Revenues surge as agencies adapt to health-tech, payer trends

Big multinational healthcare corporations are not usually known for agility. Fortunately, the trends they observe, but cannot quickly exploit due to size and silos, are those which their agencies have jumped on.

In 2015, from a biopharma perspective, two biggies were the intersection with health tech startups on innovation and the escalation of tension by payers to a sometimes exclusionary degree. In the past 12 months, nearly 20% of healthcare communications shops added practices that turned both of these opportunities into offerings.

As Ed Wise, CEO of Omnicom Health, said, “We are putting ourselves in a position to open those innovative doors for our clients. We know none of us can do this alone, so we are becoming super-partners to technology companies, we are becoming super-collaborators among our sister companies, and we are reaching into other industries and verticals to bring the best thinking to our client.”


Their trend-spotting alacrity contributed to a 14.4% surge in revenue last year, to nearly $4.2 billion, according to information provided by the top 100 firms and MM&M's own estimates.

MM&M compiled revenue data and estimates for all of this year's top 100 agencies. It lacks revenue figures for two of 2014's top 100 firms, one that was founded in 2015 and another formed from the unification of five sibling shops.

Working in the marketing trenches for them were roughly 12,000 creative, account, and digital people, an impressive 20% surge in the workforce from the year before.


For most firms in the Top 100, which are split evenly between independents and subsidiaries, growth came from a mixture of top- and bottom-line sales, and from new and organic business.

We know, anecdotally from FDA approvals, that the industry's launch work, in addition to a fair bit of its lifecycle management duty, lies in oncology, specialty areas, and rare diseases, and that access and reimbursement remain drivers.

Read more: How healthcare agencies are evolving their service models

And while a key area of focus is around technology, including data and analytics, for the 68 agencies responding to this question, the bread and butter is still digital/web/mobile work aimed at HCPs and patients, both of which account for about 25% of billings, followed by sales materials (16%) and professional print ads (8%). All of these tactics remained stable.

Incidentally, the amount of ink spilled on DTC advertising — a lightning rod for controversy this past tear — belies its prominence in the list of agencies' top billable services. The “glamorous” area of consumer broadcast actually took a backseat to the more staid areas of medical education and direct marketing channels.

And so far in 2016, the majority (70%) of the 83 that answered this question said that their business is looking up in the new year.


Let's start with what they're not sweating over. Regulatory concerns, for one, were not cited by anyone as a major challenge in ‘15. Neither is scrutiny around social media setting off the same alarm bells as it has in years past. Is it a sign pharma marketers have finally cracked the code when it comes to working with their MLR colleagues in thorny areas like participating on social platforms? Perhaps.

After all the restructuring and horizontality this year among the holding companies, it's also somewhat surprising that network relationships/agency consolidation registered as being a relatively minor worry.

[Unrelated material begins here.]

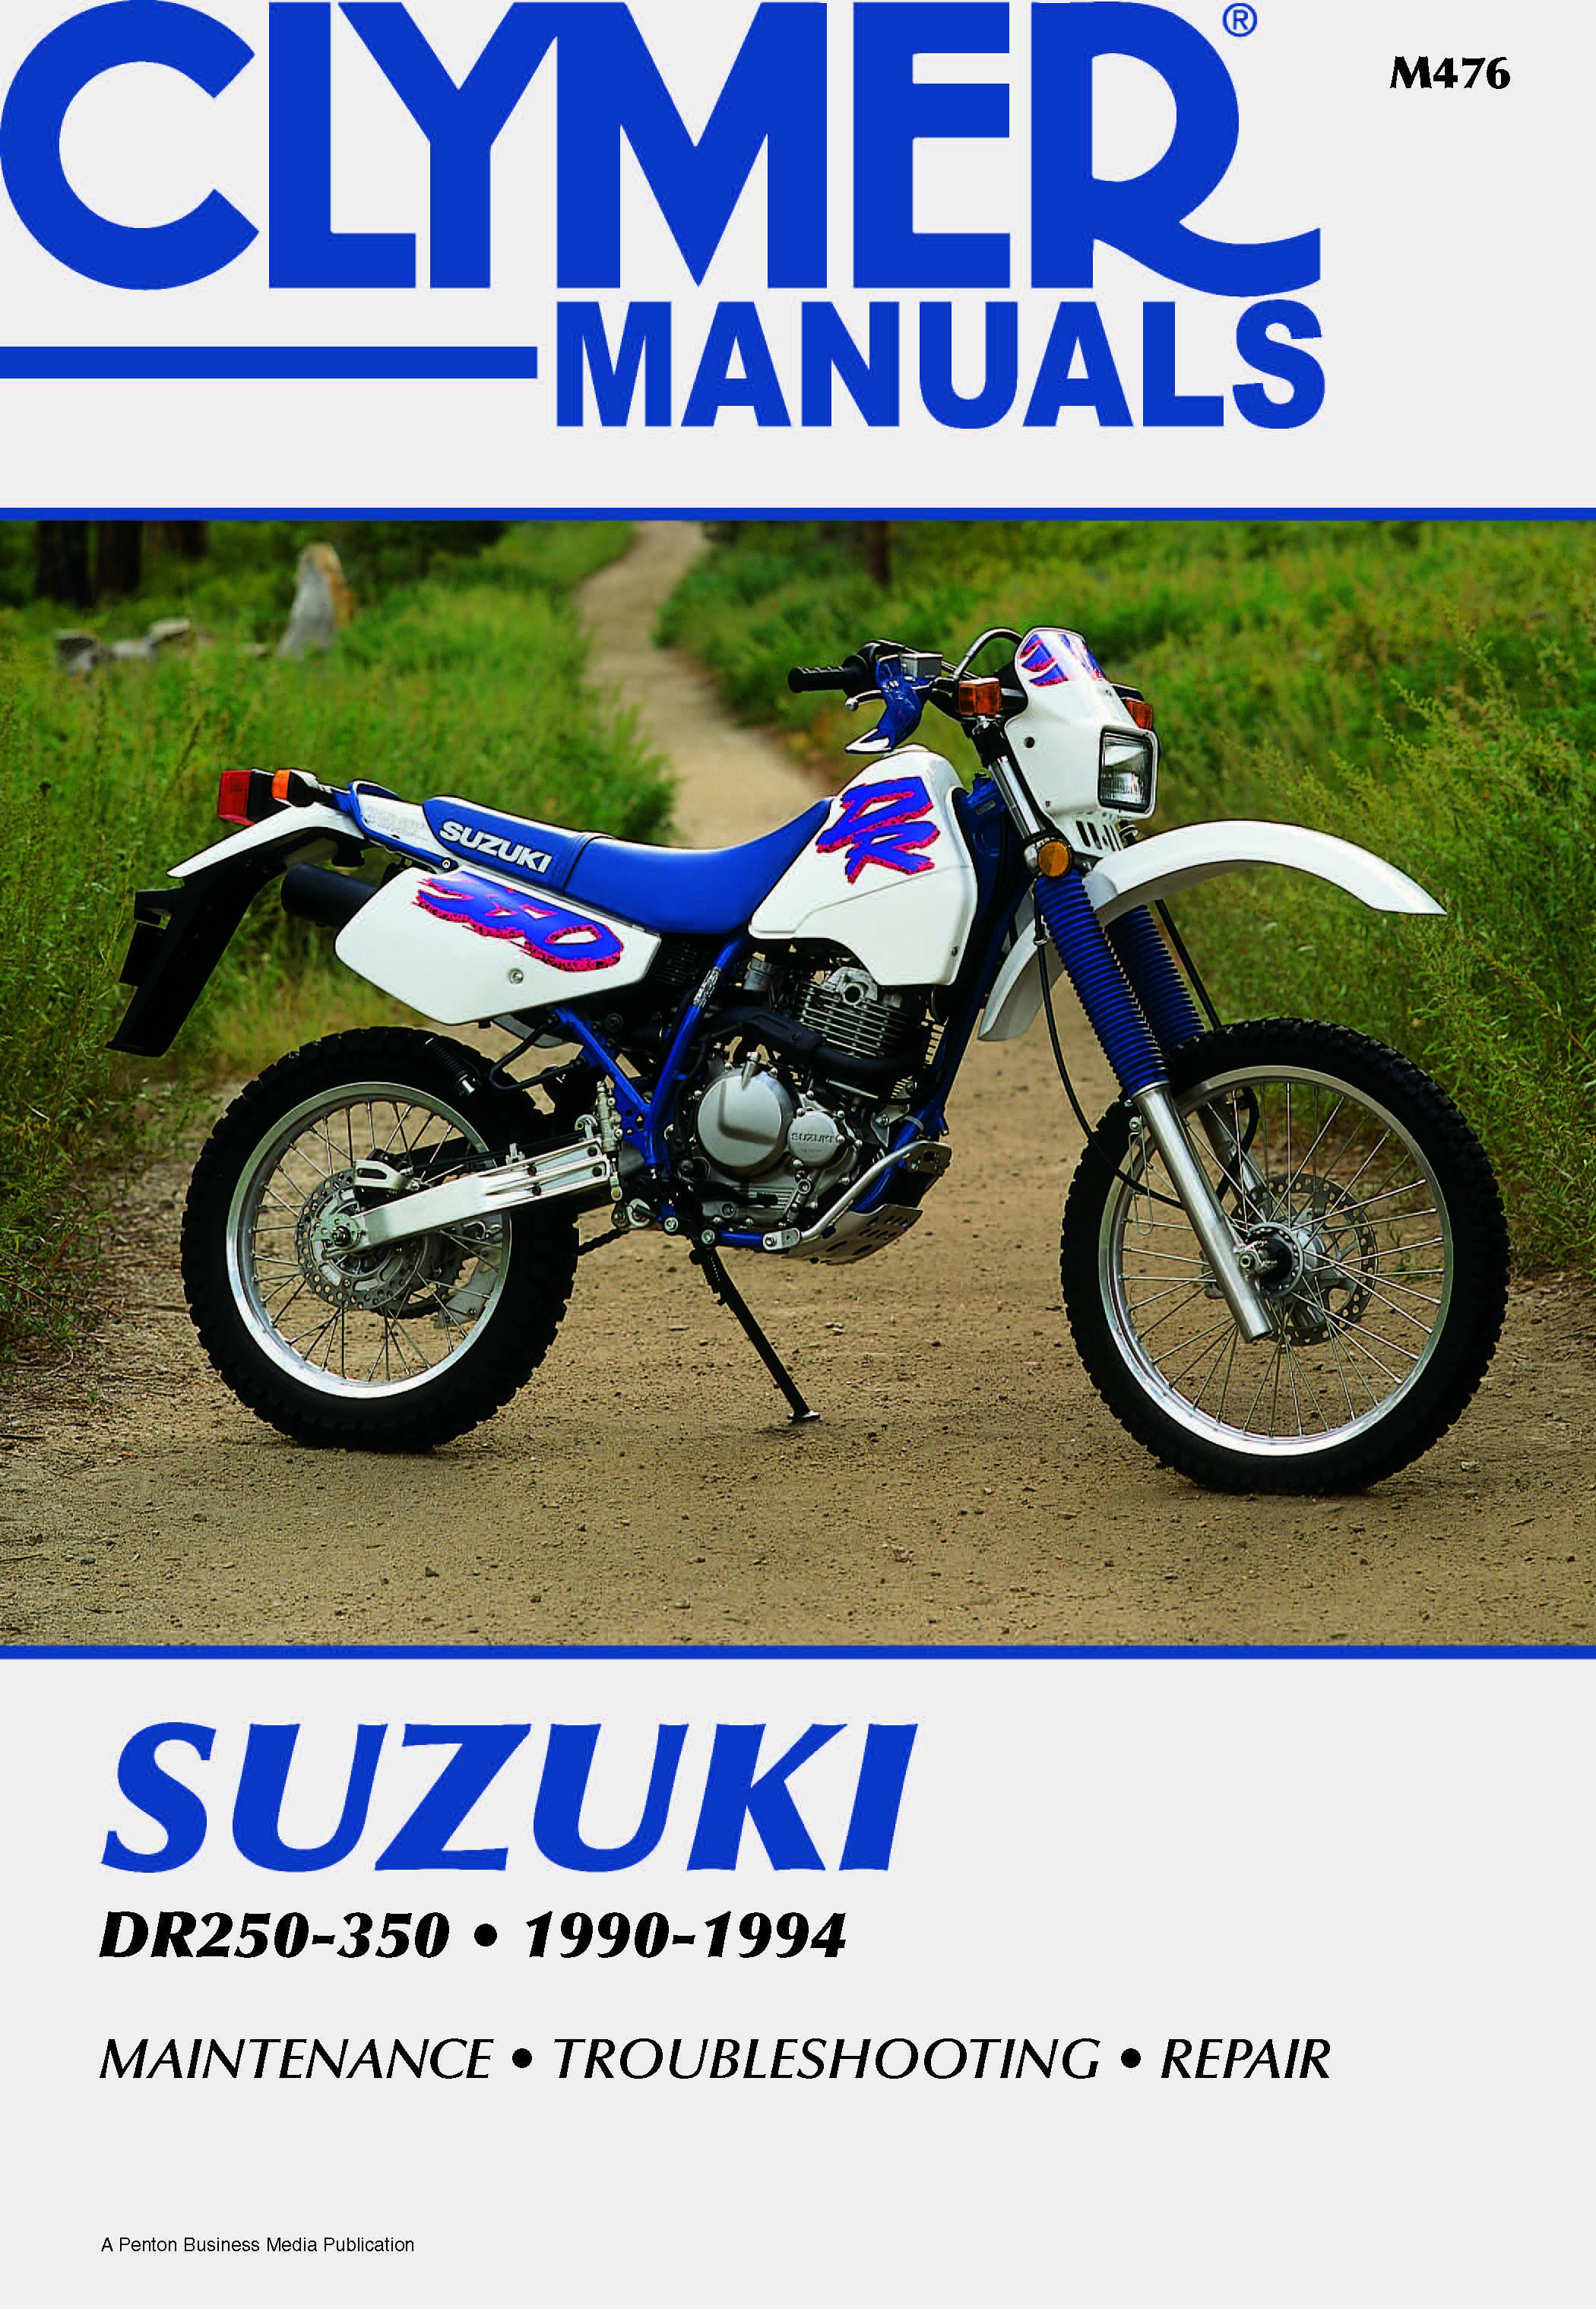 La moto non tiene il minimo 641

Read the 2016 Agency Issue

On the other hand, talent acquisition and retention was named the biggest concern for 2015 among the 83 respondents. This reflects the fierce talent war playing out as agencies try to staff up ahead of where business is heading. Communications is an endeavor rooted in having the best people, and the last thing agencies want to have to do is scramble for senior folks during a client onboarding.

Also garnering 5's on our 1-5 scale of top challenges: managing growth and increased concern around pricing. Medium challenges included shrinking pharma budgets and replenishing the new business pipeline.


The continued shift toward mobile/digital, the need to create more and better content and experiences, and more personalization of communications (especially targeting audiences using new media tech) were three trends the 83 respondents heralded as areas of ongoing demand.

It's likewise a good bet, agencies said, that the specialty drugs/high-science categories will continue to fuel their work stream. That, of course, is a byproduct of pharma pipelines skewing toward areas of unmet need.

What's not likely to be a major focal point, they said, are regulatory changes, which again suggests either a comfort level with compliance or merely that no major new regulatory guidance is expected near term.